DocketMath uses the start date you enter and adds the applicable period. That sounds simple, but the output changes based on what you select as the trigger date:

  • Event date / injury date: the period begins on the date the claim arose.
  • Accrual date: the period begins when the claim legally accrues.
  • Discovery date: the period begins when the injury or claim was discovered, if a discovery rule applies.
  • Notice deadline: if the statute requires notice before suit, the calculator can help you map the notice date against the later filing deadline.

Example timeline

If a Michigan claim falls under the default 6-year period and the triggering event occurred on March 15, 2020, the general deadline would run to March 15, 2026, unless a specific rule changes the counting method.

That means a user should verify:

  • whether the law counts the day of the event,
  • whether weekends or holidays matter under the filing rule,
  • whether the statute requires filing by the anniversary date or by the end of the preceding business day.

Key exceptions

Michigan’s general 6-year period is the default here, but the actual deadline can change when a specific statute supplies its own rule. A pre-suit notice requirement often comes from the substantive claim statute, not from the general limitations statute.

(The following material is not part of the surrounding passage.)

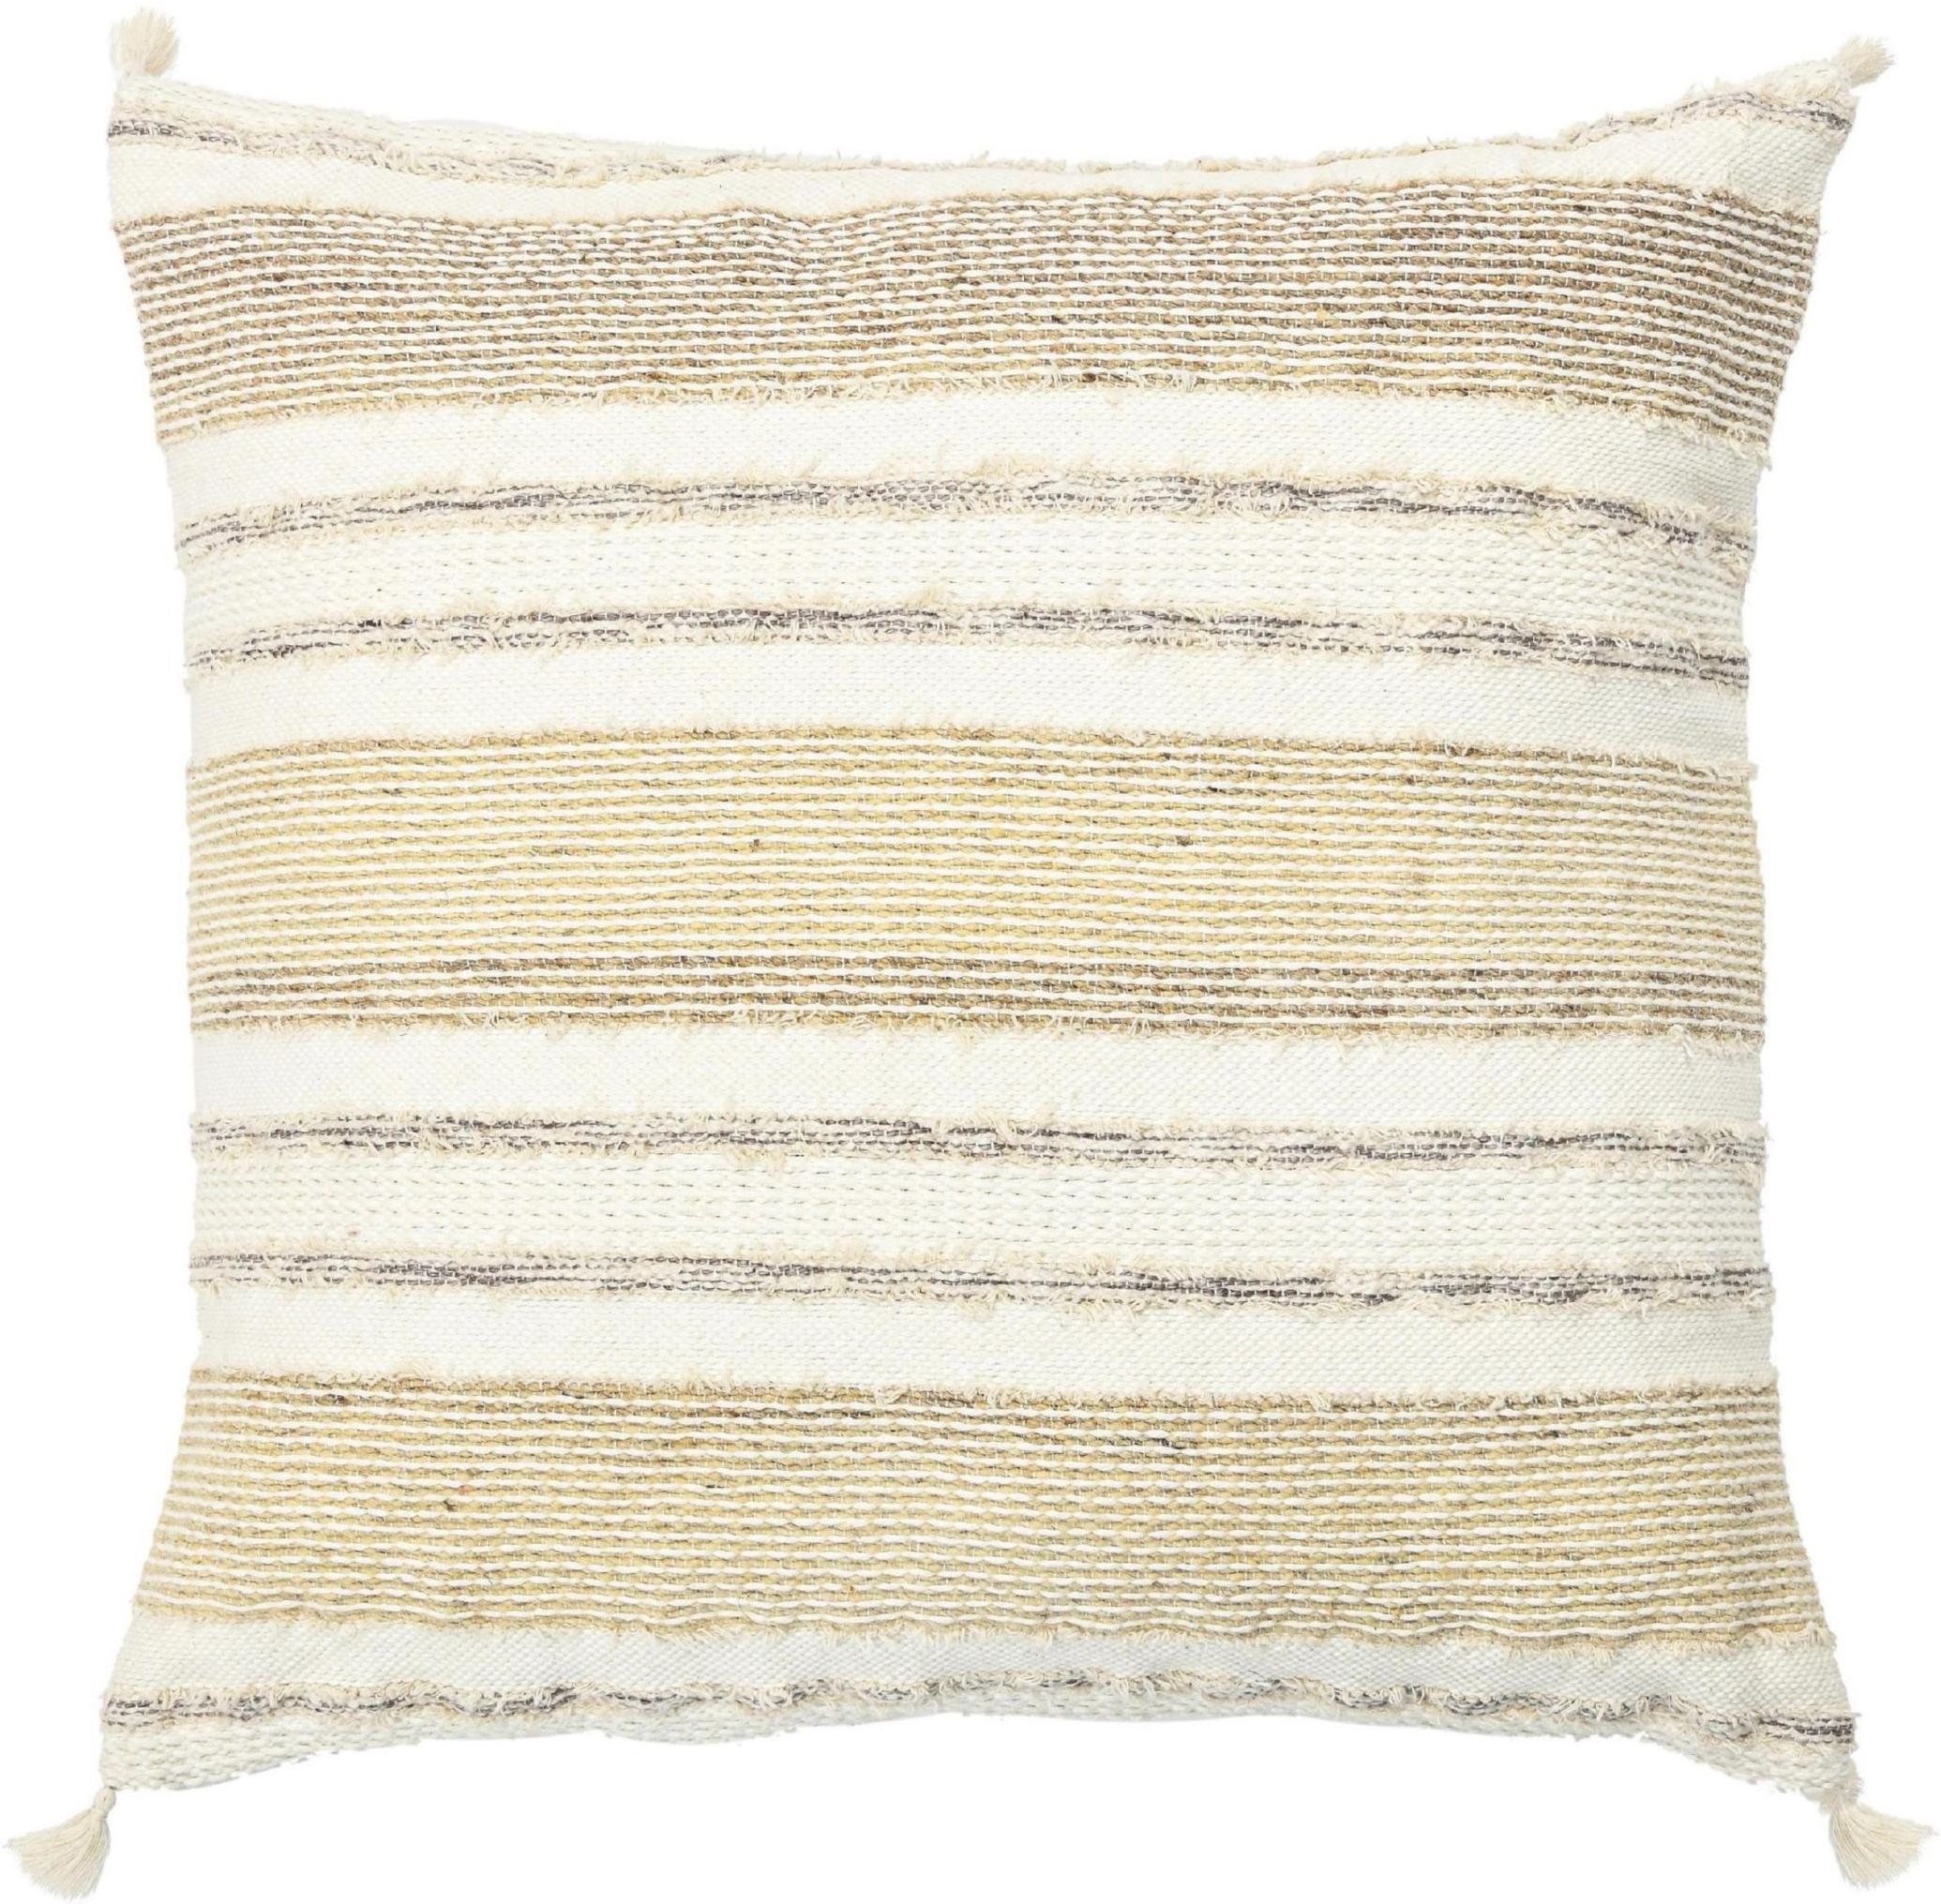 Elevate your home's look with a chic Modern Wool and Cotton Pillow, meticulously handmade with opulent materials, in a 20

Common deadline changes to check include:

  1. Claim-specific notice statutes
    Some statutes require written notice within a shorter time than the lawsuit deadline. If that applies, the notice deadline can be shorter than 6 years and may be measured from a different trigger.

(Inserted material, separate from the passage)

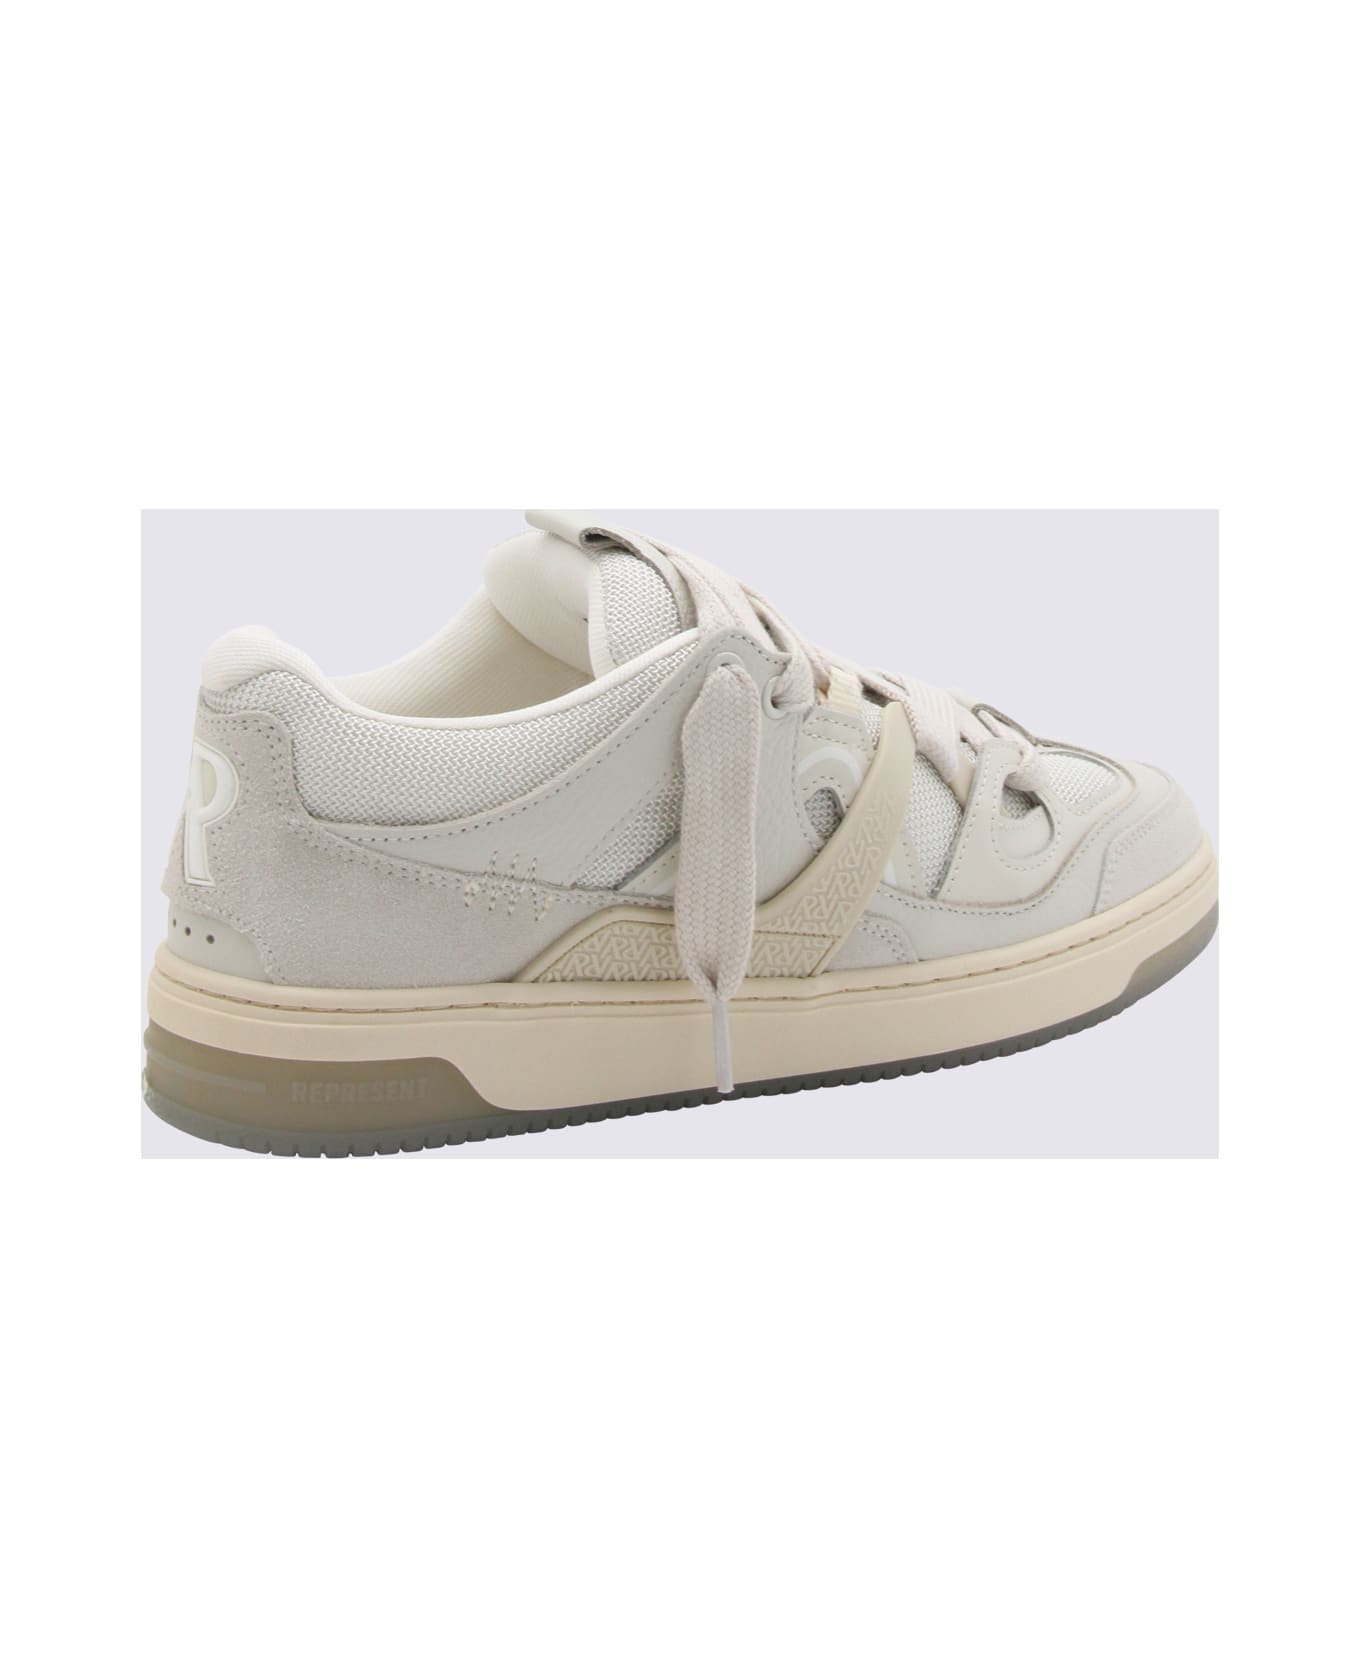 REPRESENT White Leather Sneakers - FLAT WHITE

  2. Accrual-based triggers
    The clock may start when the claim accrues, not when the underlying conduct occurred. That can shift the expiration date substantially.

  3. Discovery-based timing
    If a discovery rule applies, the period may begin when the injury was discovered or reasonably should have been discovered.

  4. Tolling or extension rules
    Certain circumstances can pause or extend the period, including statutory tolling provisions.

  5. Multiple defendants or multiple events
    Different defendants or separate acts can create different start dates, so one claim may have several deadlines.

Warning: Do not assume a pre-suit notice deadline equals the lawsuit filing deadline. A notice deadline can be much earlier, and missing it can jeopardize the case even if the filing period has not expired.

Checklist for users

Statute citation

The Michigan default citation for this page is MCL § 767.24(1), with a 6-year general period.

Citation table

CitationRule
MCL § 767.24(1)General/default 6-year period

Practical citation use

When you are documenting the deadline internally, a clean reference format is:

  • Michigan general SOL: 6 years
  • **Authority: MCL § 767.24(1)

That format is useful for:

  • intake notes,
  • docketing records,
  • litigation calendars,
  • pre-suit notice tracking,
  • internal deadline verification.

Because this page is a general reference page, it does not substitute for a claim-specific statutory analysis. If another Michigan statute imposes a shorter notice period, that shorter period controls the timing calculation.

Use the calculator

DocketMath’s statute of limitations tool helps you turn the statute into a deadline by using the date and rule you select.

What to enter

To get a useful result, enter:

  • the start date,
  • the jurisdiction: Michigan,
  • the period: 6 years,
  • and any trigger type that matches the claim.

How the output changes

The output changes based on the input assumptions:

  • Earlier trigger date = earlier deadline
  • Later accrual date = later deadline
  • Discovery trigger selected = deadline may move forward if discovery happened later
  • Different claim rule selected = the tool output may no longer use the 6-year default

Best practice workflow

  1. Confirm the claim type.
  2. Check whether Michigan has a claim-specific notice rule.
  3. Use the default 6-year period only if no special rule applies.
  4. Save the calculation in the file notes.
  5. Re-check if new facts change accrual, notice, or tolling.

This is especially helpful for pre-suit notice work, where the notice deadline and the lawsuit deadline may not match.

Sources and references

Start with the primary authority for Michigan and confirm the effective date before relying on any output. If the rule has been amended, update the inputs and rerun the calculation.